Data excerpt:
========================================================================

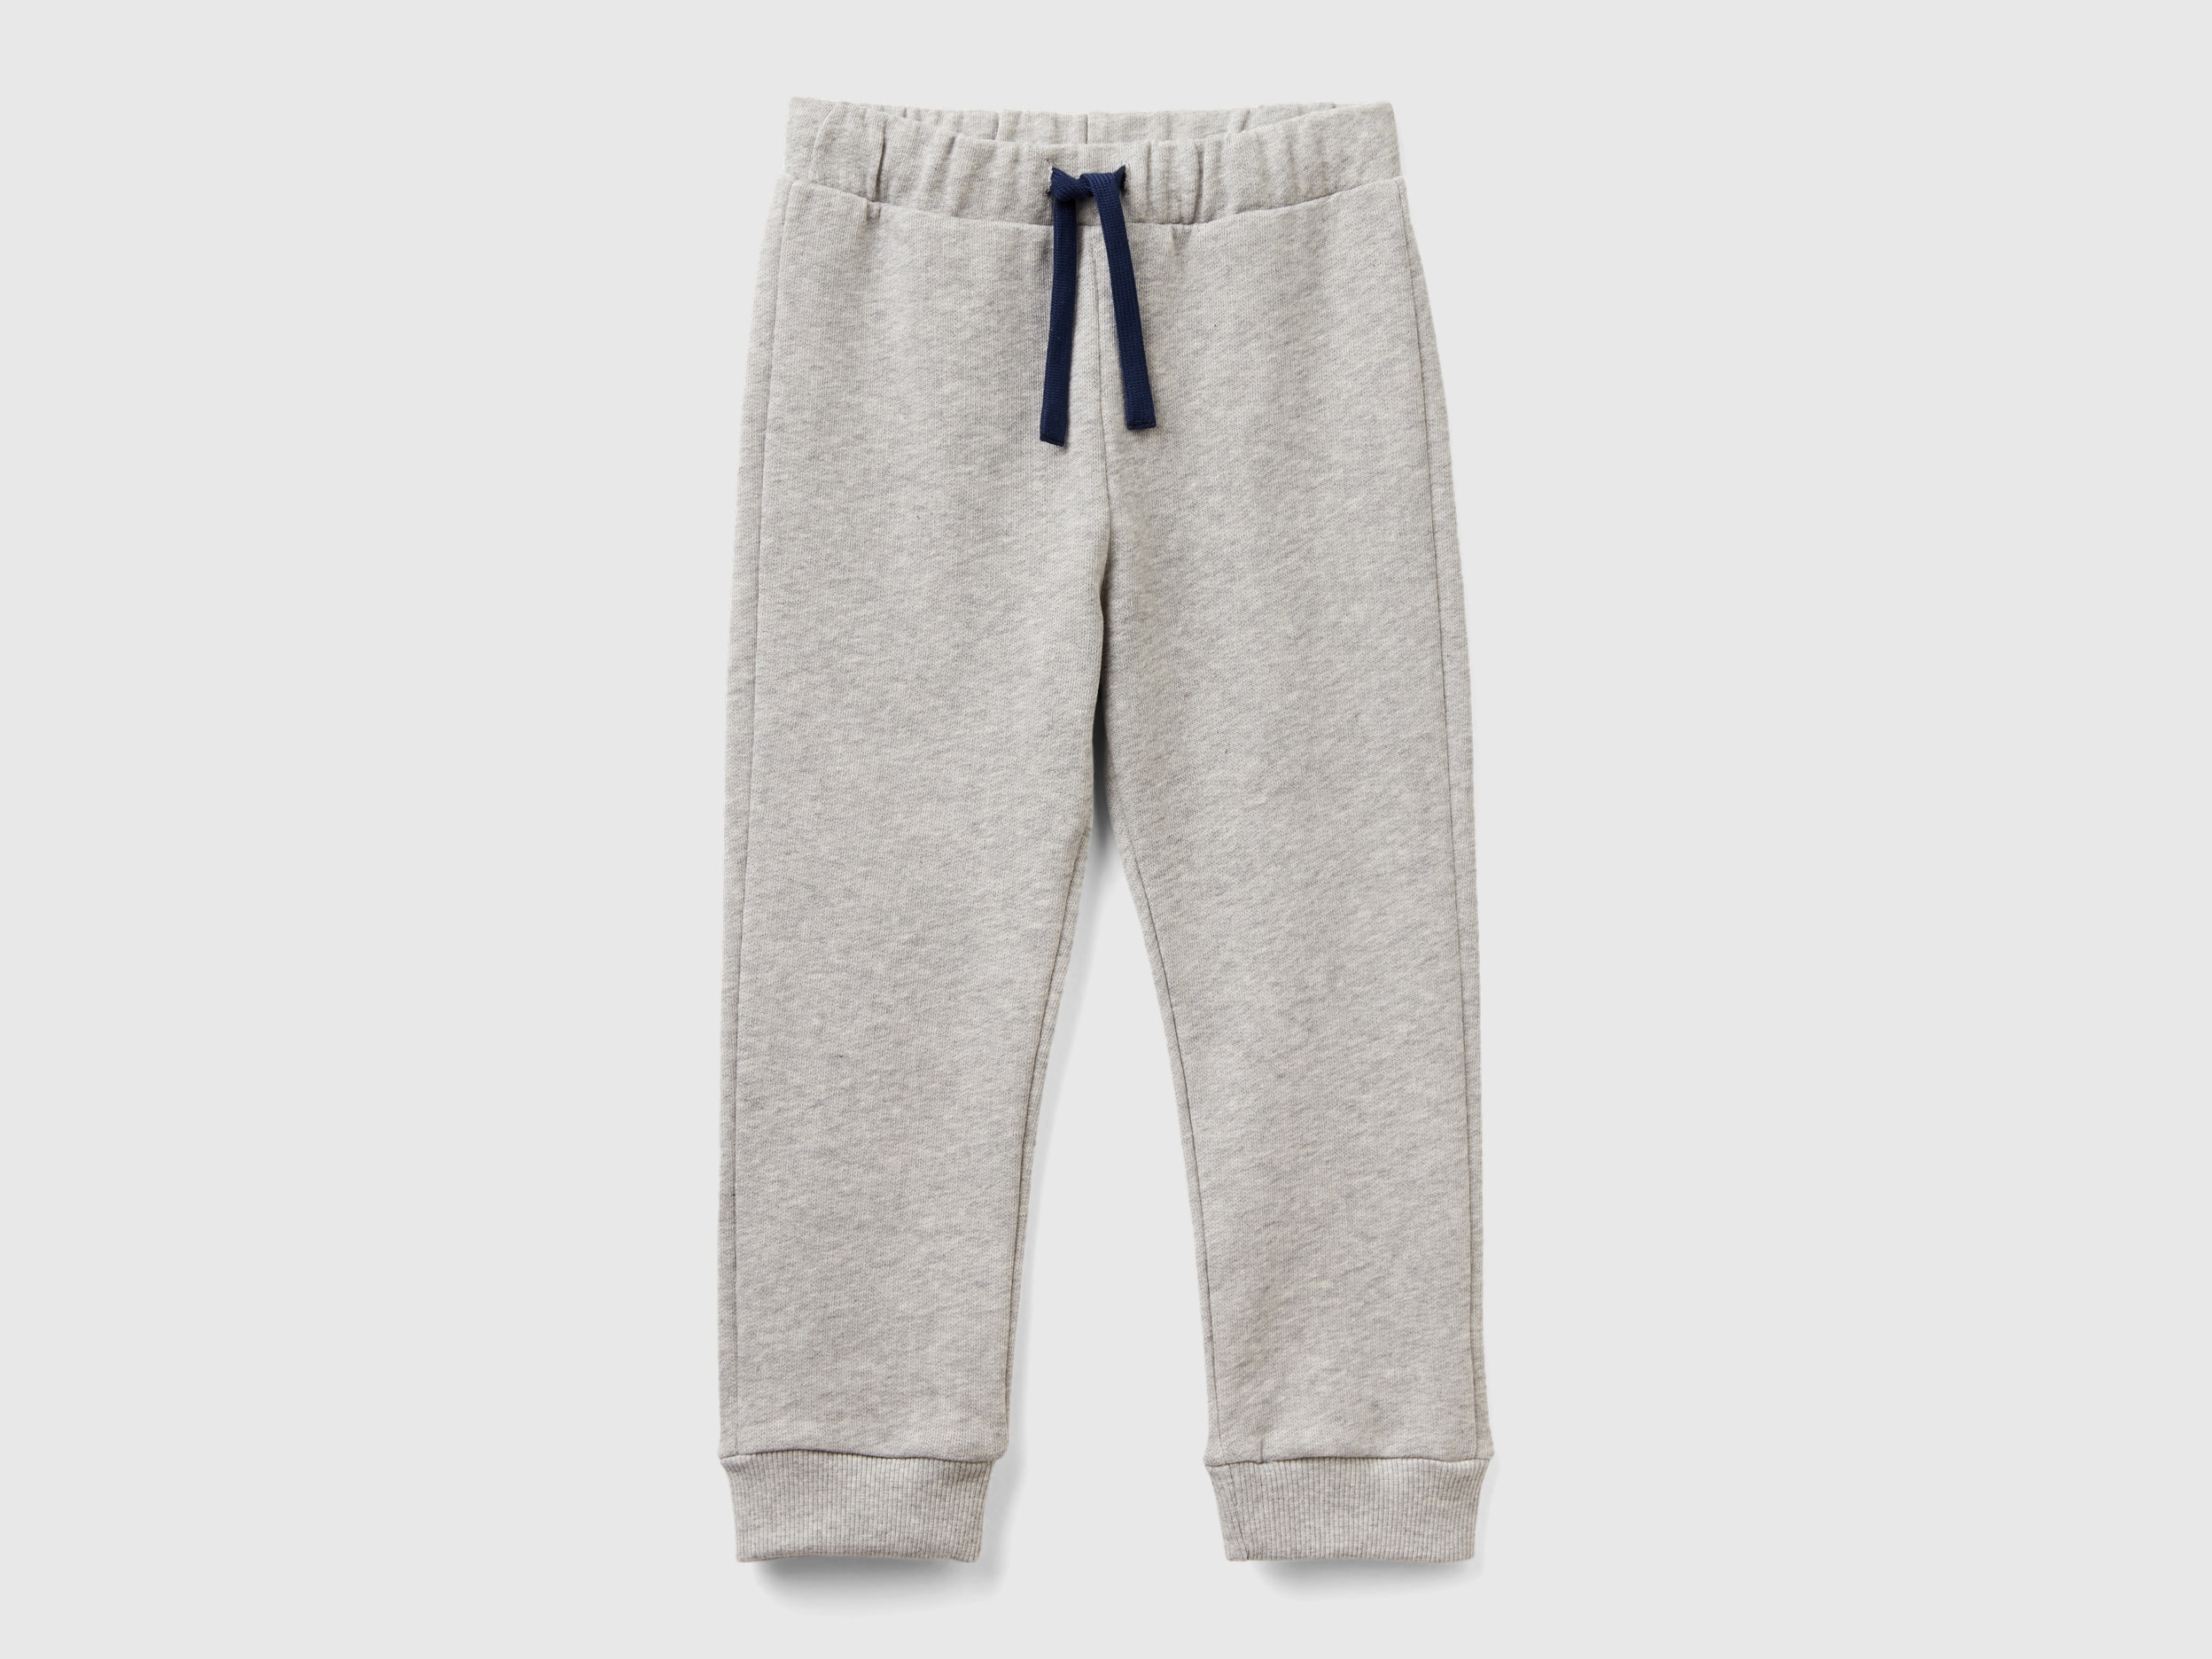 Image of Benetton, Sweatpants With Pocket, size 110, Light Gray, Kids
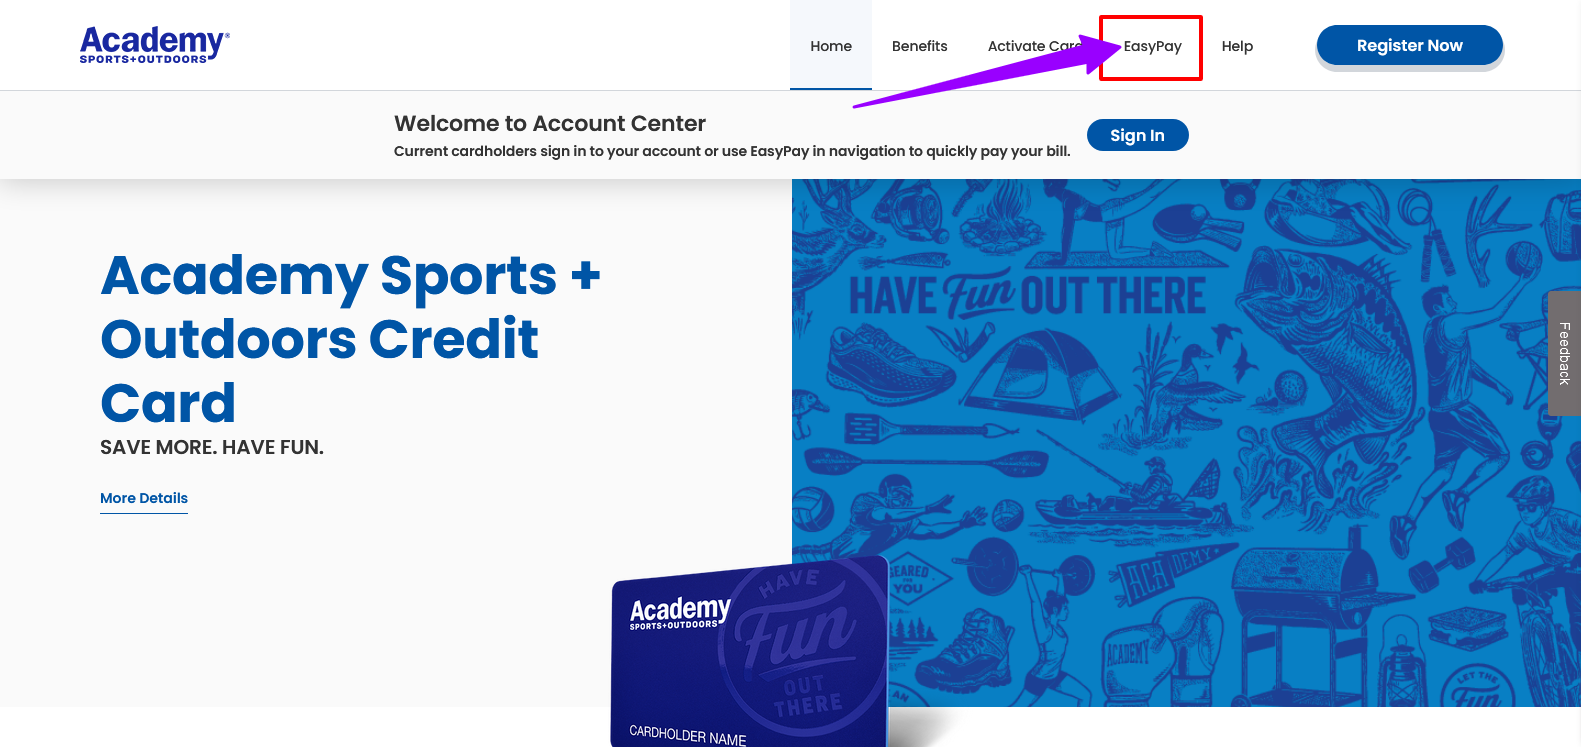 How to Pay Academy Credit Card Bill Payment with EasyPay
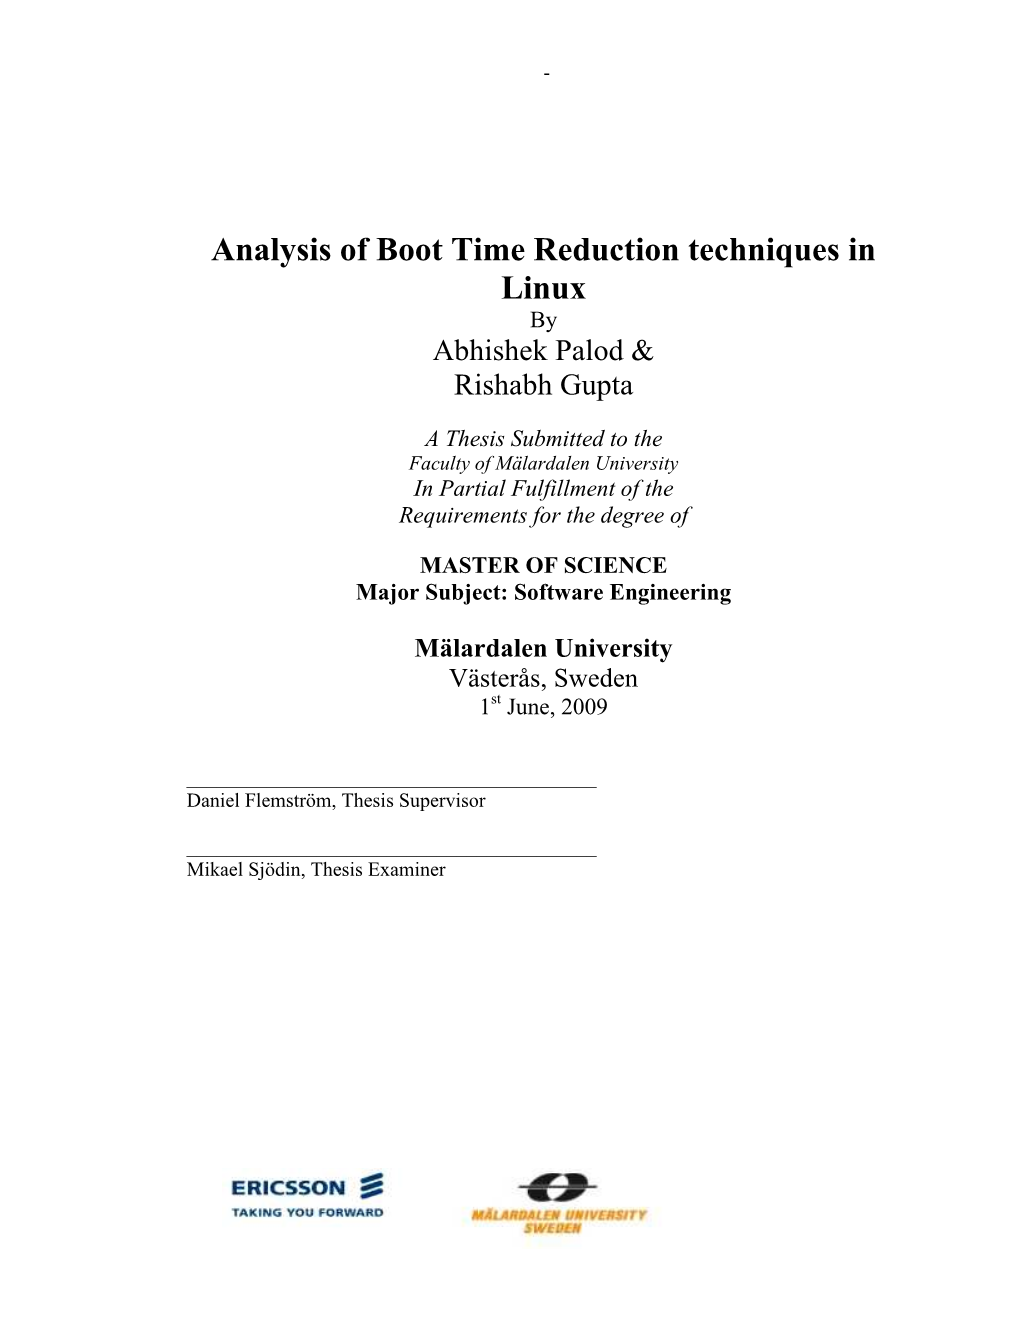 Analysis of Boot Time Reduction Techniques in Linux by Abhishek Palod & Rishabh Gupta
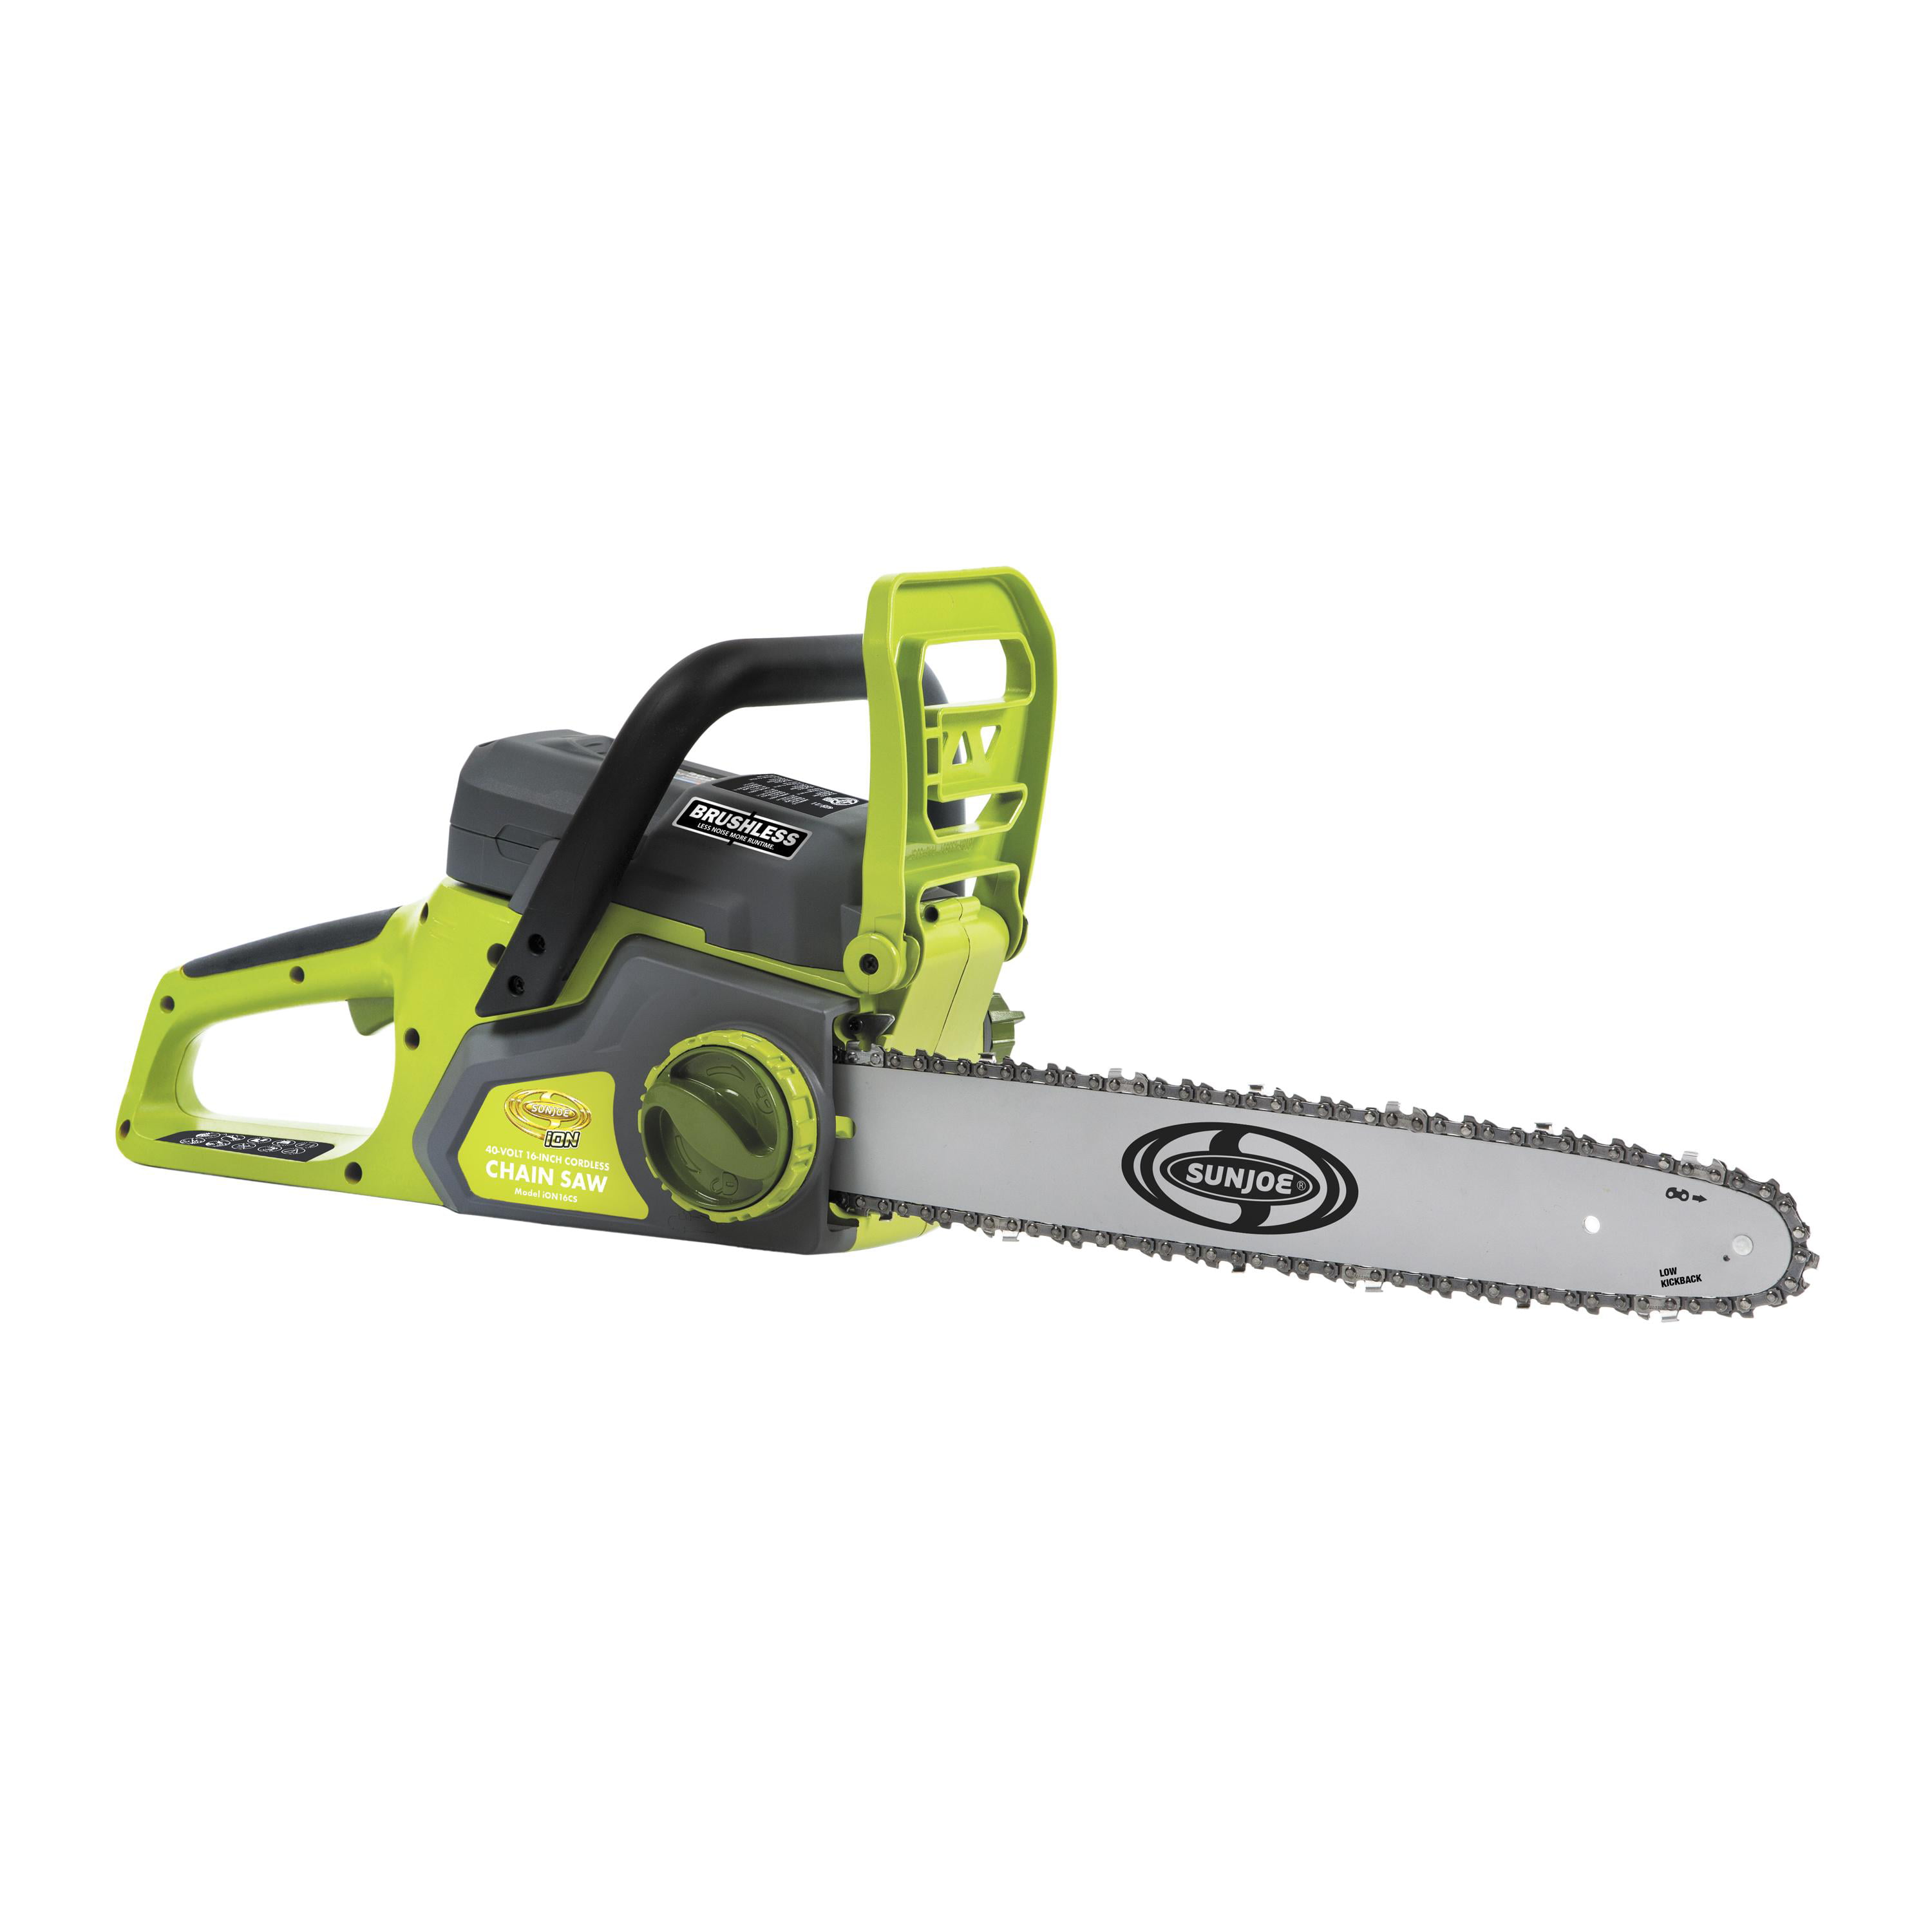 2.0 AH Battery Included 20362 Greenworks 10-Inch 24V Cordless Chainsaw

========================================================================

What to produce: Give the data again exactly. Keep the images out.

Your response:
 Image of Benetton, Sweatpants With Pocket, size 110, Light Gray, Kids
 How to Pay Academy Credit Card Bill Payment with EasyPay
 Analysis of Boot Time Reduction Techniques in Linux by Abhishek Palod & Rishabh Gupta
 2.0 AH Battery Included 20362 Greenworks 10-Inch 24V Cordless Chainsaw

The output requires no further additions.